> Exercise brief: For the material below, set down exactly the lines between the one containing "Little Cartoon Girl" and the last line, both included, leaving every picture out.

> Data provided:
⟨

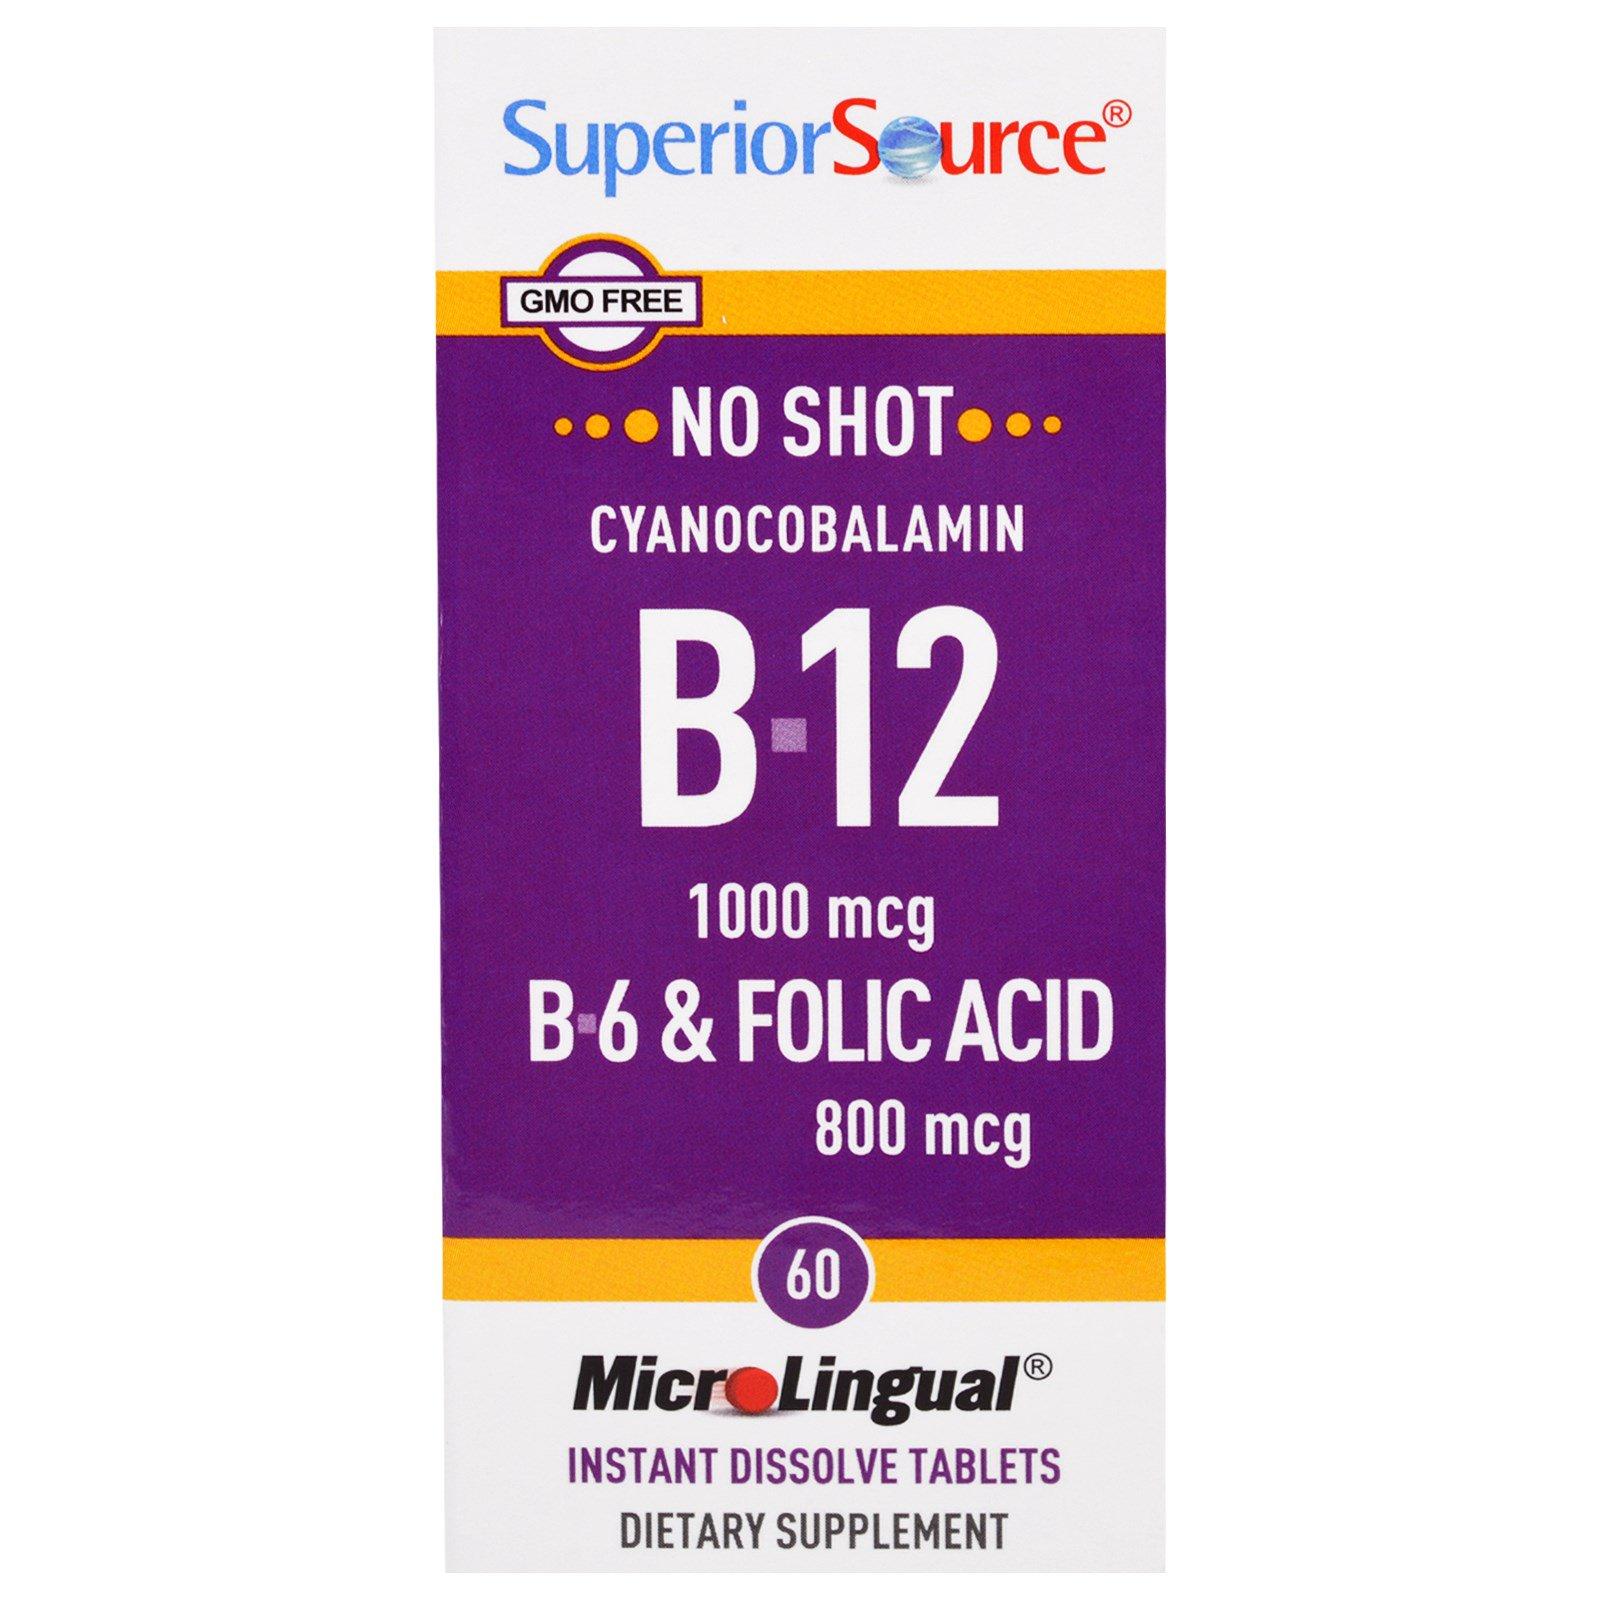 Superior Source, MicroLingual, цианокобаламин B-12 1000 мкг, B-6 и фолиевая кислота 800 мкг, 60 быстрорастворимых таблеток
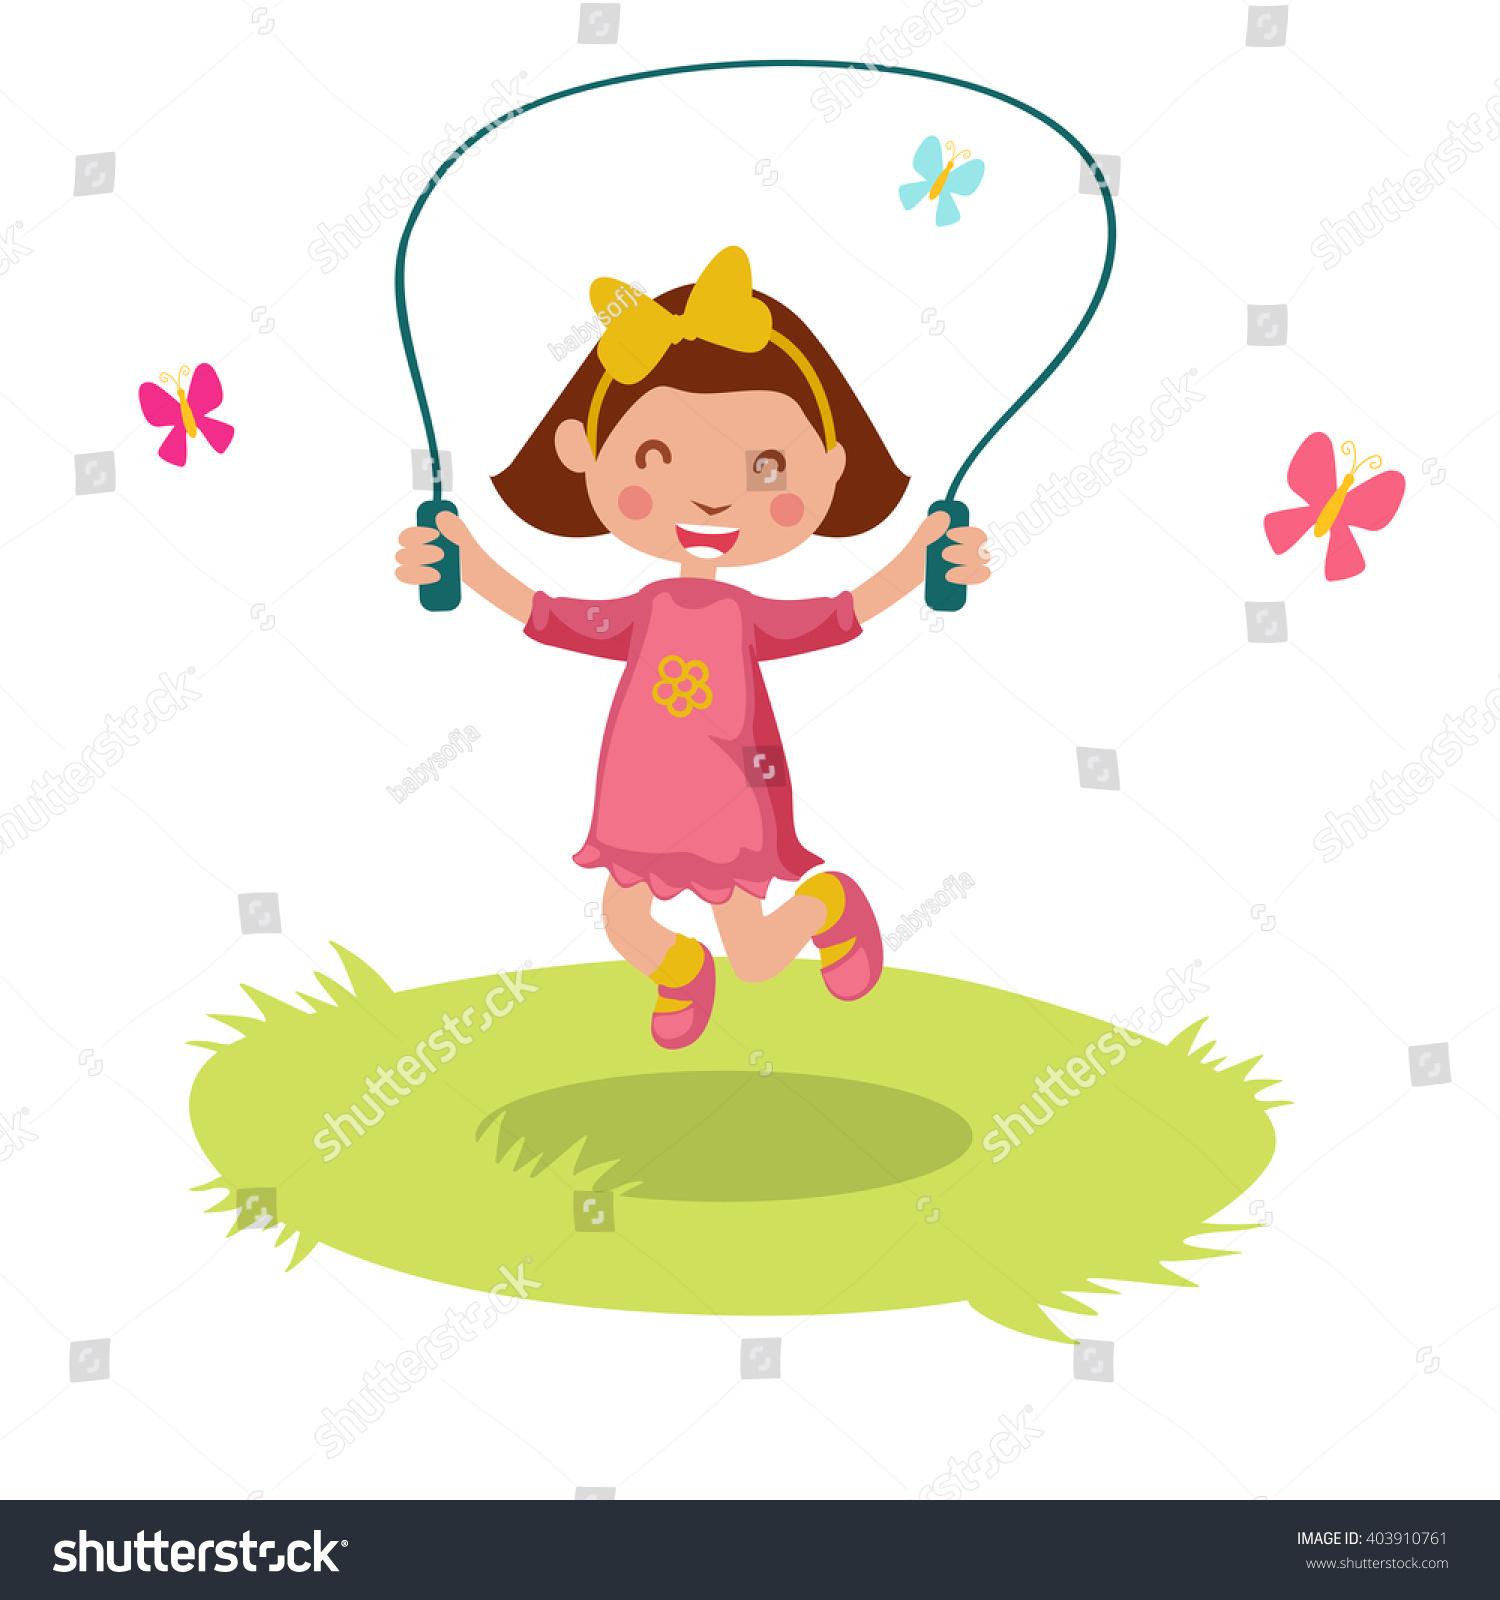 Little Cartoon Girl Skipping Rope Vector Stock Vector 403910761 - Shutterstock
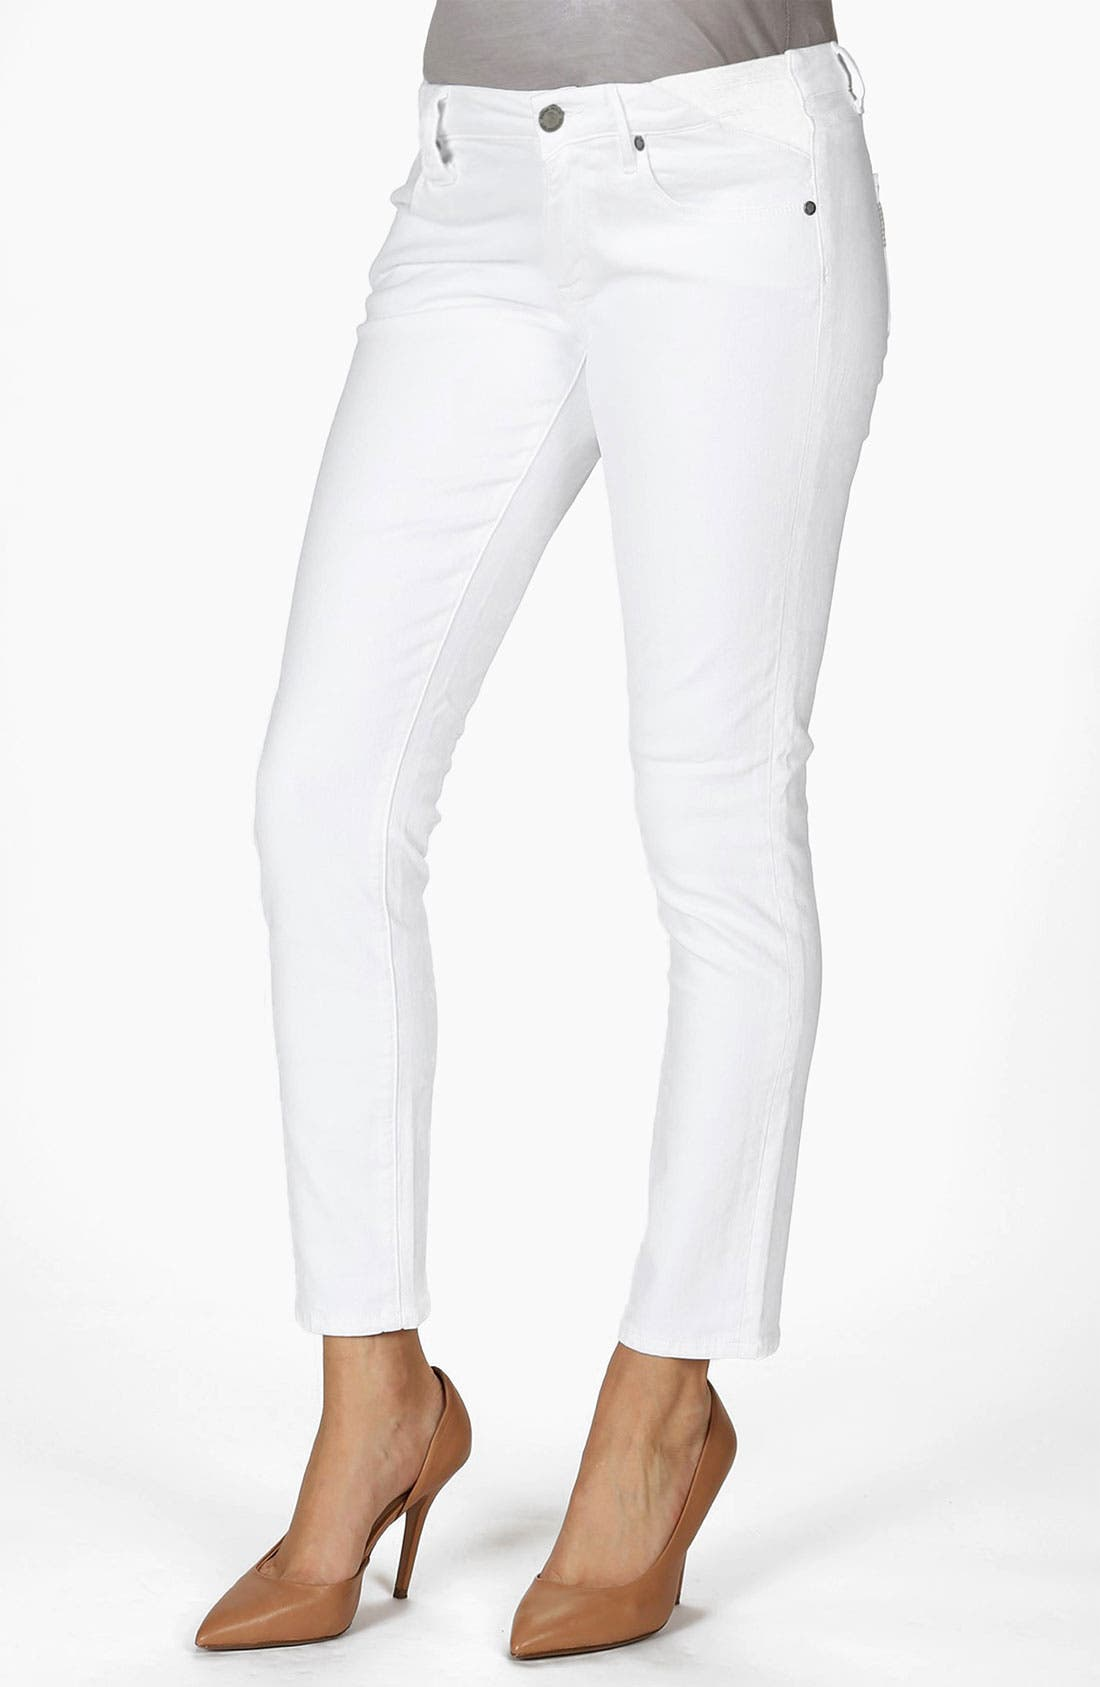 Main Image - Paige Denim 'Skyline' Maternity Ankle Skinny Stretch Jeans (Optic White)

⟩

> The answer:
 Little Cartoon Girl Skipping Rope Vector Stock Vector 403910761 - Shutterstock
 Main Image - Paige Denim 'Skyline' Maternity Ankle Skinny Stretch Jeans (Optic White)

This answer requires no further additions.